In some possible implementations, the encoding unit 630 is specifically configured to obtain a reference frame list of the first video frame, where the reference frame list includes reconstructed frames of at least two video frames that have been encoded; removing a reconstructed frame corresponding to a frame number with the largest difference between the frame numbers of the first video frame in a reference frame list, and adding a synthesized reference frame of the first video frame to the position of the removed reconstructed frame in the reference frame list; encoding the first video frame according to the reference frame list.

Fig. 7 is a schematic hardware structure diagram of an apparatus 700 for video encoding according to an embodiment of the present application. The apparatus 700 shown in fig. 7 can be regarded as a computer device, and the apparatus 700 can be implemented as an implementation manner of the apparatus for video encoding according to the embodiment of the present application, and also as an implementation manner of the method for video encoding according to the embodiment of the present application, where the apparatus 700 includes a processor 701, a memory 702, an input/output interface 703 and a bus 705, and may further include a communication interface 704. The processor 701, the memory 702, the input/output interface 703 and the communication interface 704 are communicatively connected to each other via a bus 705.

The processor 701 may be a general Central Processing Unit (CPU), a microprocessor, an Application Specific Integrated Circuit (ASIC), or one or more integrated circuits, configured to execute related programs to implement functions required to be executed by modules in the apparatus for processing media data according to the embodiment of the present application, or to execute the method for processing media data according to the embodiment of the present application. The processor 701 may be an integrated circuit chip having signal processing capabilities. In implementation, the steps of the above method may be implemented by integrated logic circuits of hardware or instructions in the form of software in the processor 701. The processor 701 may be a general purpose processor, a Digital Signal Processor (DSP), an Application Specific Integrated Circuit (ASIC), an off-the-shelf programmable gate array (FPGA) or other programmable logic device, discrete gate or transistor logic, or discrete hardware components. The various methods, steps, and logic blocks disclosed in the embodiments of the present application may be implemented or performed. A general purpose processor may be a microprocessor or the processor may be any conventional processor or the like. The steps of the method disclosed in connection with the embodiments of the present application may be directly implemented by a hardware decoding processor, or implemented by a combination of hardware and software modules in the decoding processor. The software module may be located in ram, flash memory, rom, prom, or eprom, registers, etc. storage media as is well known in the art. The storage medium is located in the memory 702, and the processor 701 reads information in the memory 702, and completes functions required to be executed by modules included in the apparatus for processing media data according to the embodiment of the present application, or performs a method for processing media data according to the embodiment of the method of the present application, in combination with hardware thereof.

The memory 702 may be a Read Only Memory (ROM), a static memory device, a dynamic memory device, or a Random Access Memory (RAM). The memory 702 may store an operating system as well as other application programs.

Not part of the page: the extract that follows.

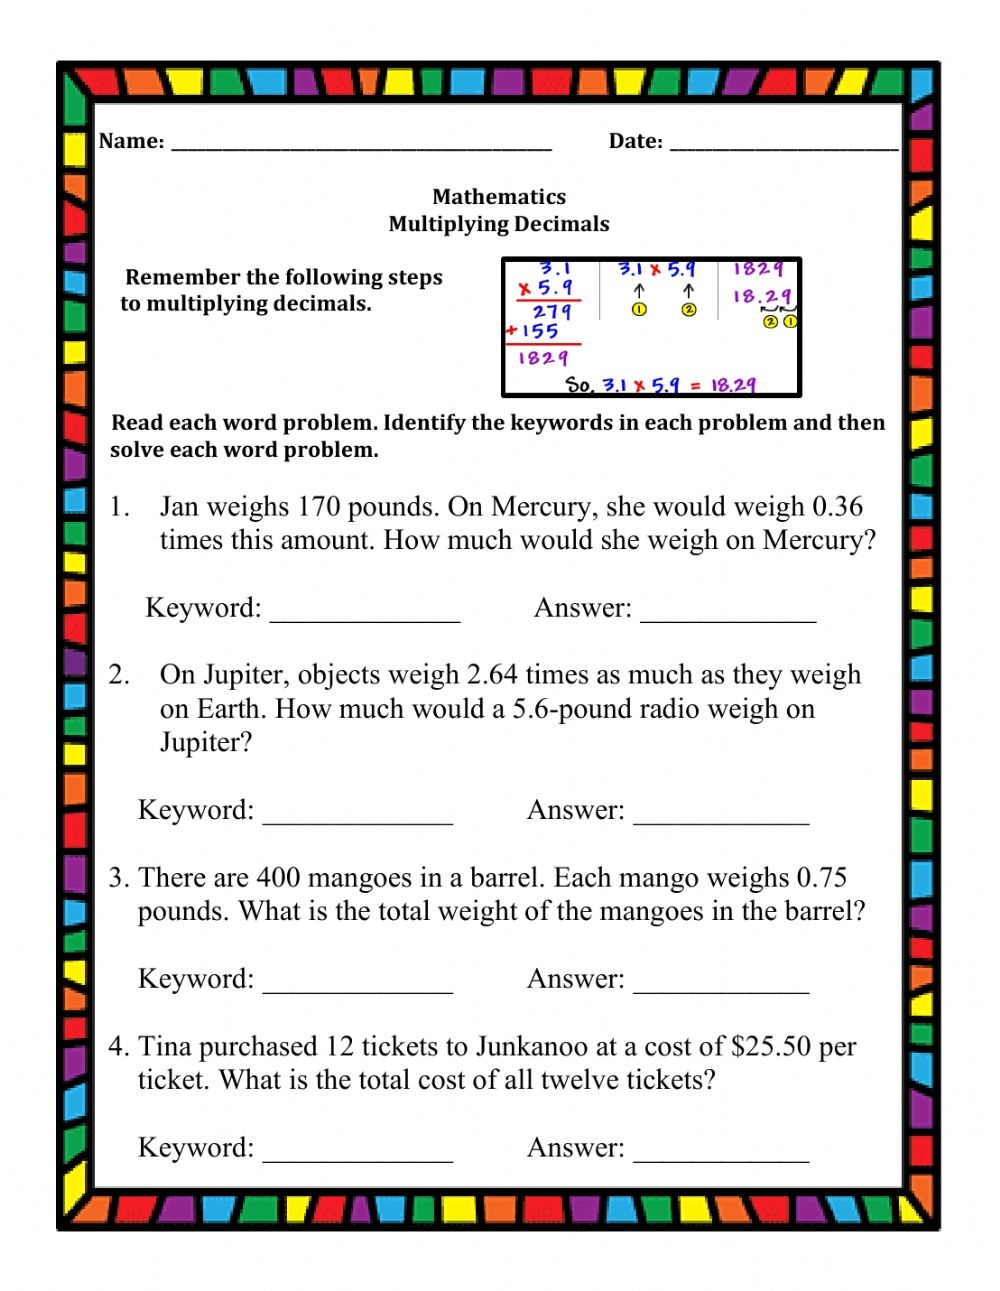 multiplying-decimals-story-problems-printable-worksheets

When the functions required to be executed by the modules included in the apparatus for processing media data according to the embodiment of the present application or the method for processing media data according to the embodiment of the present application are implemented by software or firmware, the program codes for implementing the technical solutions provided by the embodiment of the present application are stored in the memory 702, and the processor 701 executes the operations required to be executed by the modules included in the apparatus for processing media data or the method for processing media data according to the embodiment of the present application.

The input/output interface 703 is used for receiving input data and information and outputting data such as an operation result.

The communication interface 704 enables communication between the apparatus 700 and other devices or communication networks using transceiver means such as, but not limited to, transceivers. May be used as the acquiring module or the sending module in the processing device.

Bus 705 may include a pathway to transfer information between various components of device 700, such as processor 701, memory 702, input/output interface 703, and communication interface 704.

It should be noted that although the apparatus 700 shown in fig. 7 only shows the processor 701, the memory 702, the input/output interface 703, the communication interface 704 and the bus 705, in a specific implementation process, a person skilled in the art should understand that the apparatus 700 further comprises other devices necessary for normal operation, for example, a display for displaying video data to be played. Also, those skilled in the art will appreciate that the apparatus 700 may also include hardware components for performing other additional functions, according to particular needs. Furthermore, those skilled in the art will appreciate that apparatus 700 may also include only those components necessary to implement embodiments of the present application, and need not include all of the components shown in FIG. 7.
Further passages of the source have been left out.